Majority expect long-term improvement in the situation

While many hospitals expect their financial situation to deteriorate further in the near term, some expect the status quo to improve long term. By 2030, 51% of hospitals anticipate an improvement in their net profits, while 38% forecast a better liquidity situation. Possible explanations include the so-called transformation fund alongside other federal government plans to provide support, such as the EUR 4 billion that has been announced to cover the immediate costs of transformation.

Hospitals are planning medium-term investments of roughly €130 billion. Ninety-six percent of facilities intend to invest in construction projects such as new buildings or renovations. The primary goal of these initiatives is to increase the operational efficiency of hospitals - by complying with structural requirements, for example - and to make structural adjustments, such as preparing for the ongoing shift toward outpatient care and greater specialization.

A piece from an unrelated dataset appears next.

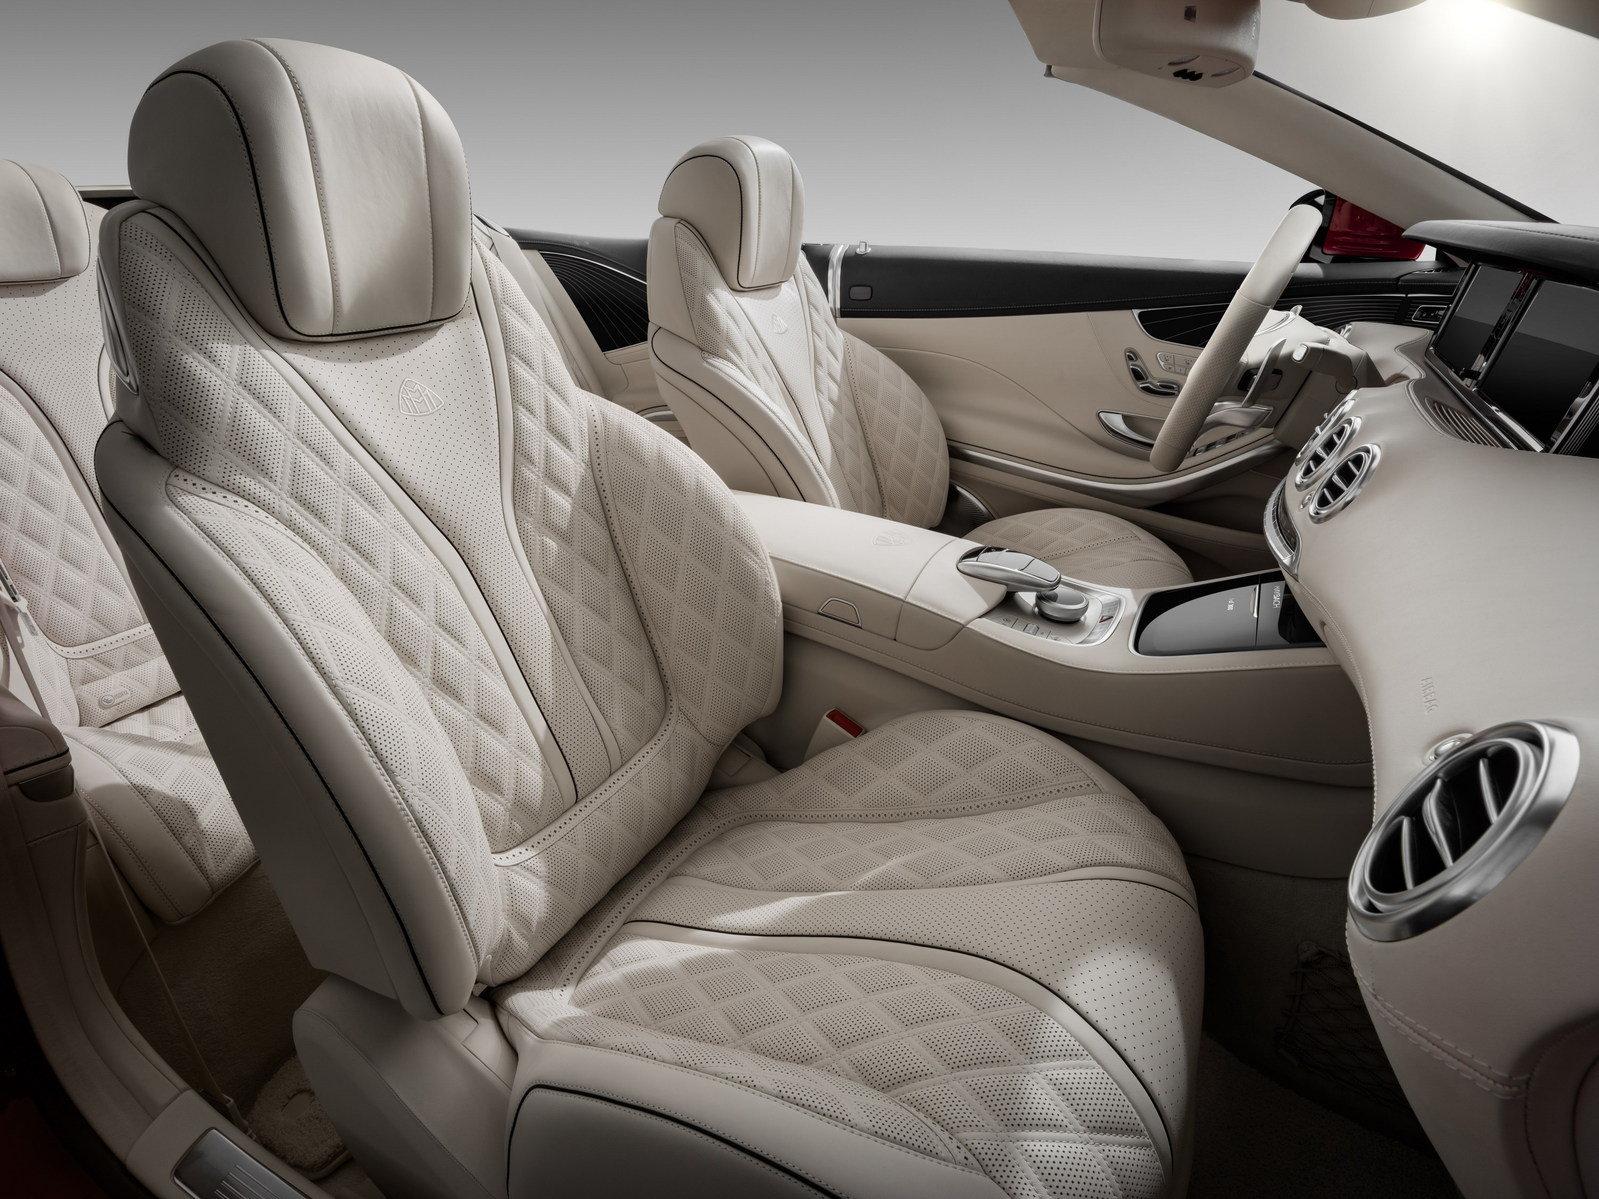 التصميم الداخلي للسيارة مرسيدس مايباخ S650 2018 المكشوفة

Financing the plans is seen as problematic

Funding is a key obstacle to putting hospitals' ambitious plans into practice. Currently, only half of the necessary capital is covered by public funding. With application processes being so complex, public funding is also considerably more difficult to get hold of. Consequently, the remaining financing requirements will increasingly have to be met with equity and debt capital – an additional burden for hospitals. Added to this is the widespread view that the available funding pots are just not big enough.

The study authors believe hospitals that are in a good position strategically and financially and are able to make a compelling case for their transformation plans will be the ones that end up with good access to public funding and debt capital. The key for hospitals is to systematically review their structures and processes and develop them in a targeted way. That includes optimizing the provision of medical services, consistently exploiting any IT and digitalization potential that exists, and strengthening cooperation within hospital networks.